Network motifs are dynamic building blocks

Network motifs, like bistable switches and oscillators, form the basic building blocks of dynamic behavior. A common approach to understand the underlying biological phenomena uses a mathematical model that consists of coupled nonlinear ordinary differential equations (ODEs) [50-53]. Feedback loops, in fact, are simply interactions based upon elementary mono- and bimolecular chemical reactions that are subject to the same chemical laws as classical reactions [54]. As such, the motifs summarized in Figure 1b can be translated into stoichiometric reaction schemes. Under the assumption of spatially homogeneous conditions, the dynamics can be fully described by the rate equations in the subsequent column [49,55].

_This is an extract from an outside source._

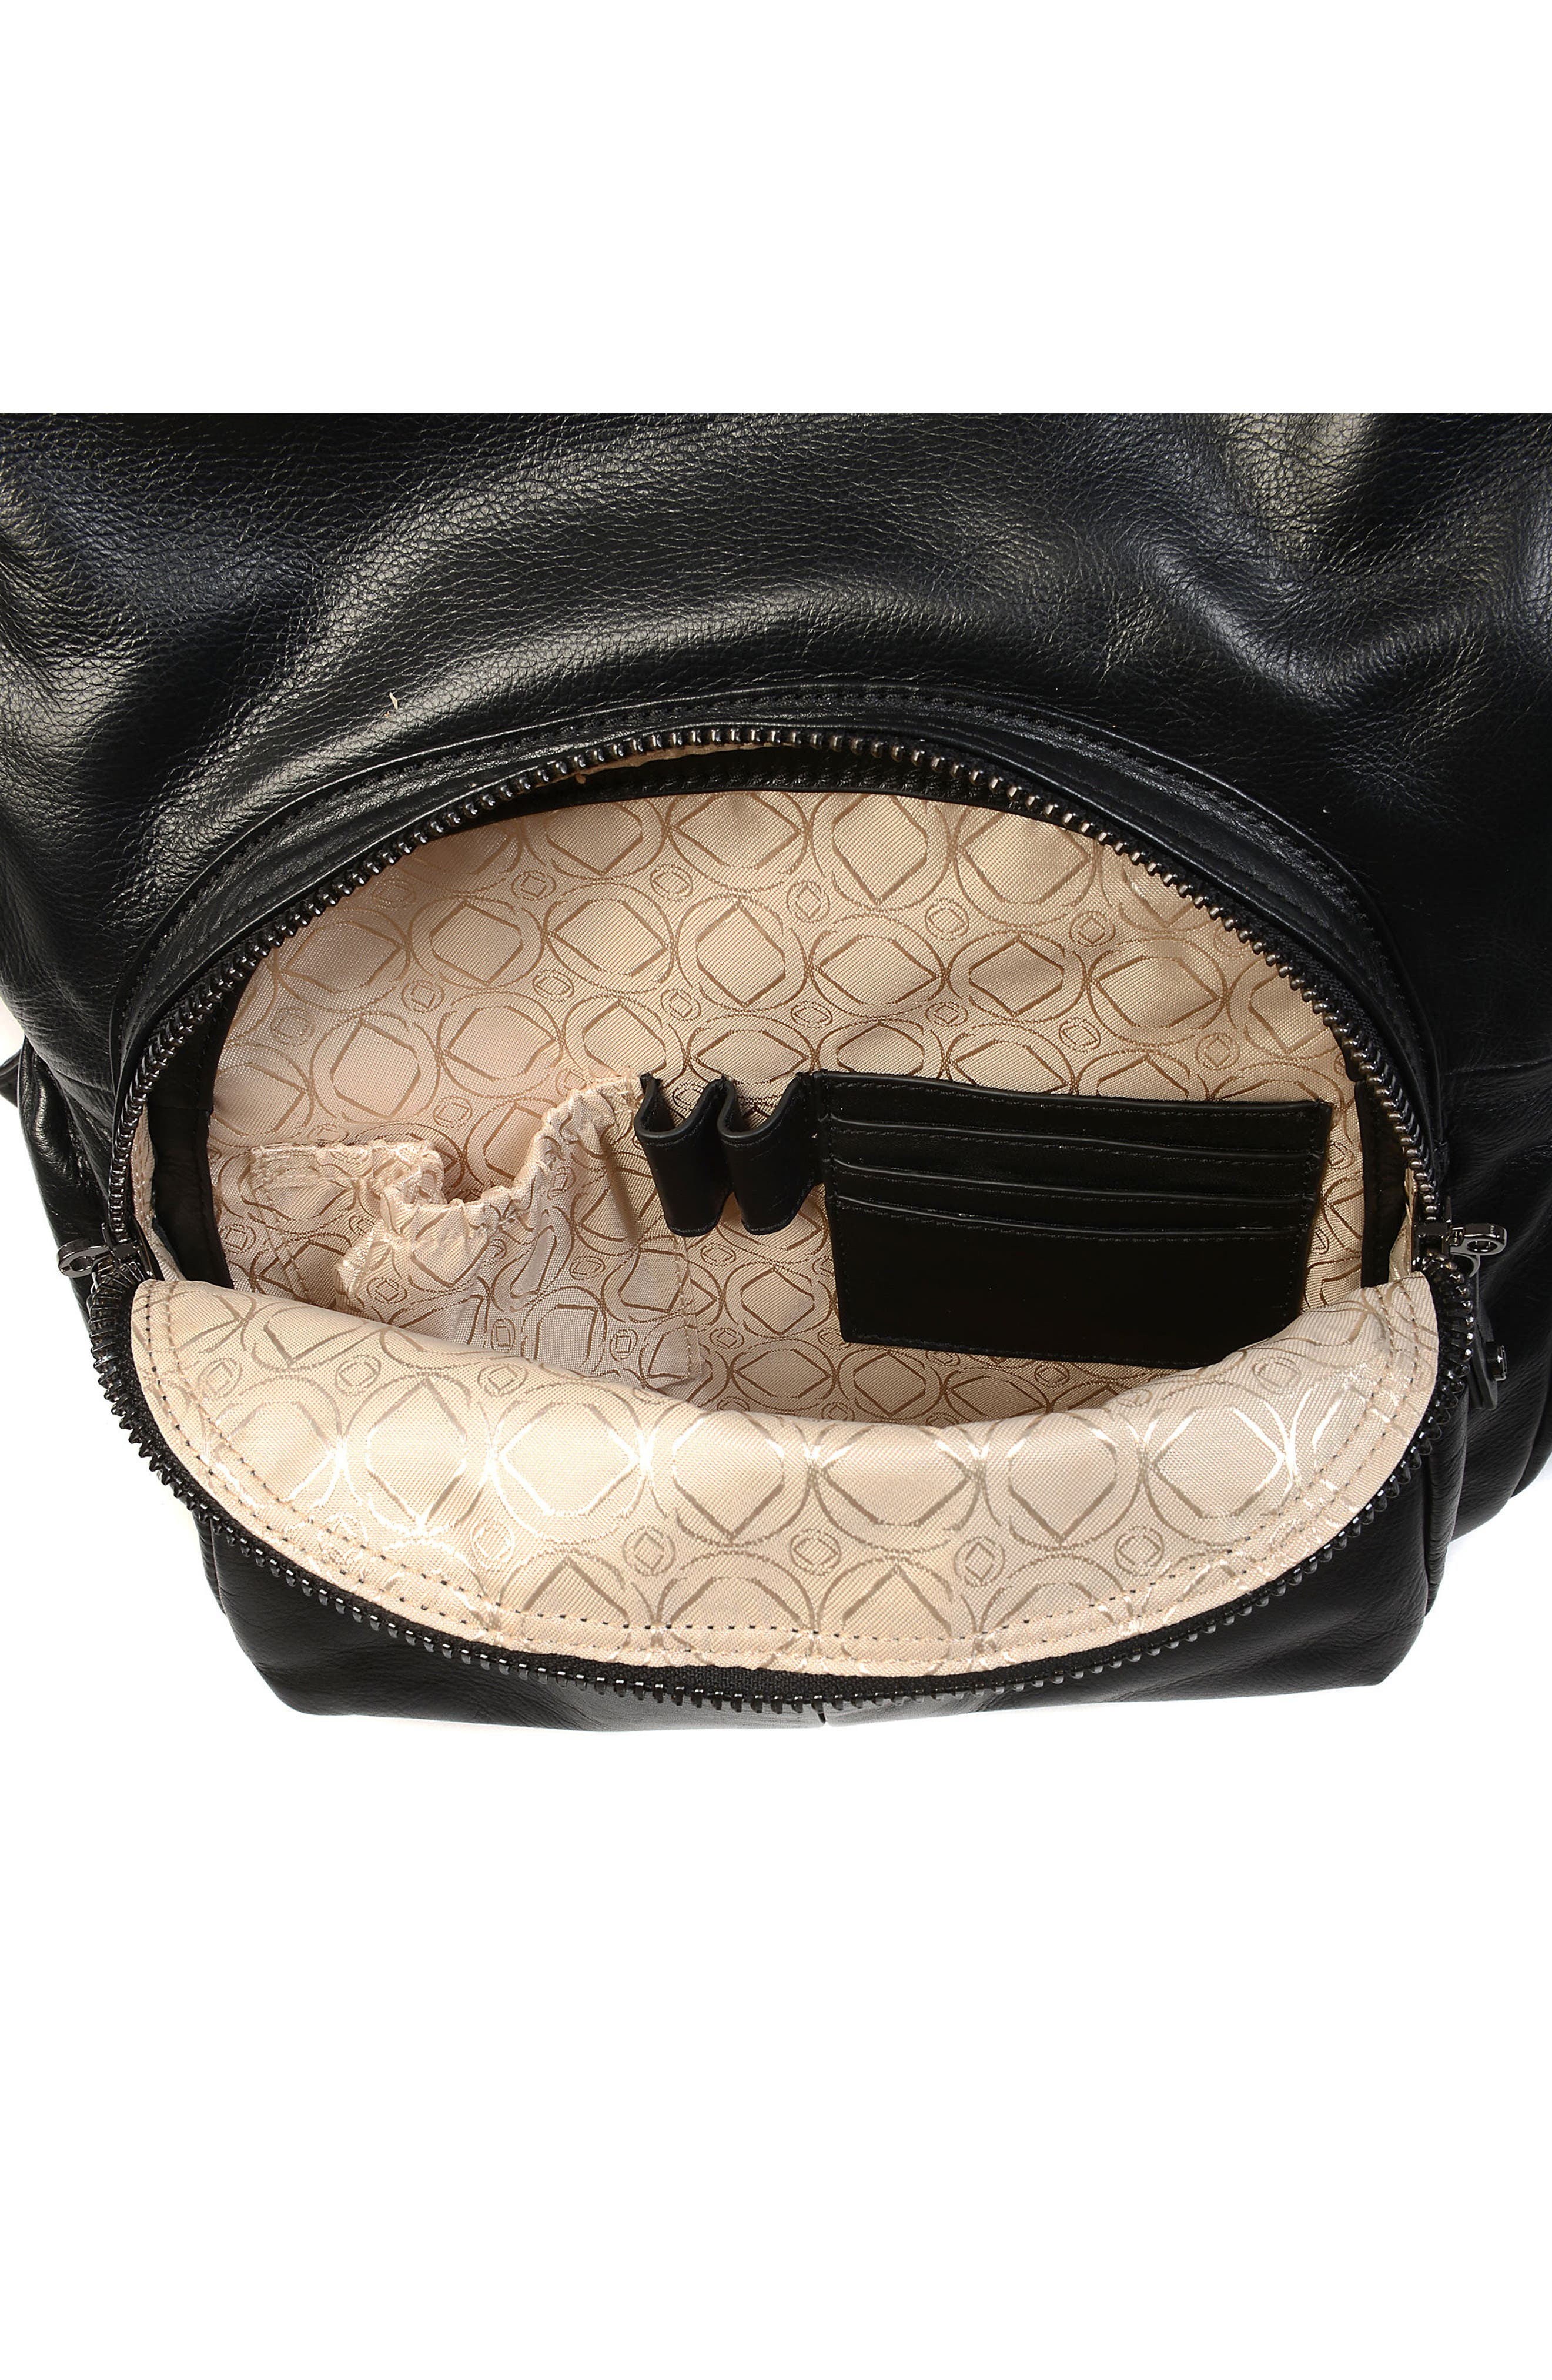 Joy XL Leather Backpack,                             Alternate thumbnail 9, color,                             Black
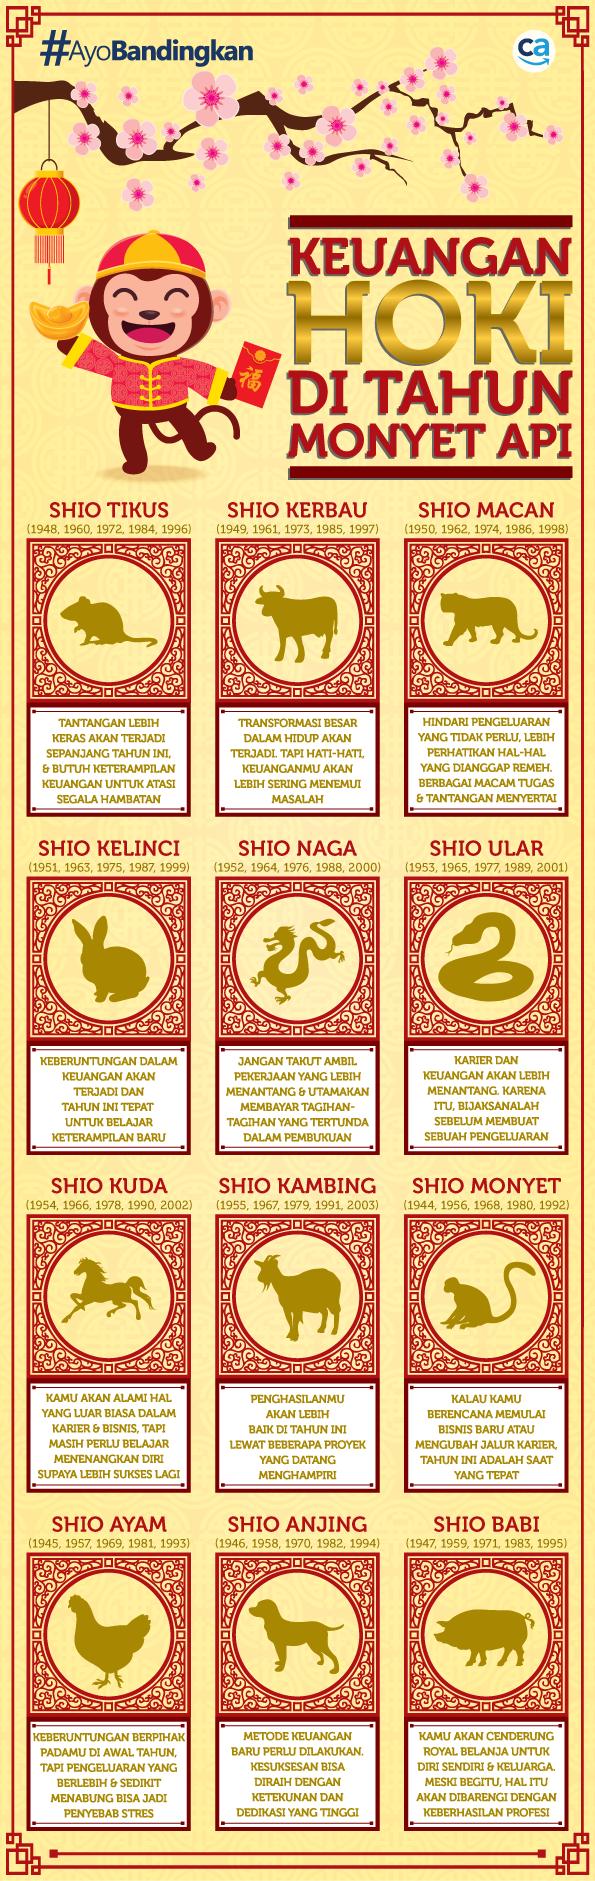 infografis shio di tahun monyet api - CekAja.com

The practical realization of dynamic properties in such reaction schemes is daunting in part because it also requires the systems to operate far from equilibrium [56,57]. A venture beyond the confines of equilibrium, however, does not require deeper understanding of the thermodynamic laws in nonequilibrium systems. Open systems allow environmental conditions to influence the accessibility or stability of the final state, marking the key difference between systems in and out of equilibrium [58]. Although their behavior is only predictable by a full understanding of the exact ensemble of rate equations, the steady state solutions satisfy the same algebraic equation that controls equilibrium state solutions: 0 = dx/dt = dy/dt (= dz/dt) [59]. To keep the chemical system from reaching equilibrium (i.e., in a thermodynamically open system), the implementation of CRNs often suffices with the assumption of an excess of a source (S) combined with a product (P) that acts as a sink. In such dissipative conditions, reactions do not necessarily settle for the state with the highest entropy but instead are drawn towards a steady state.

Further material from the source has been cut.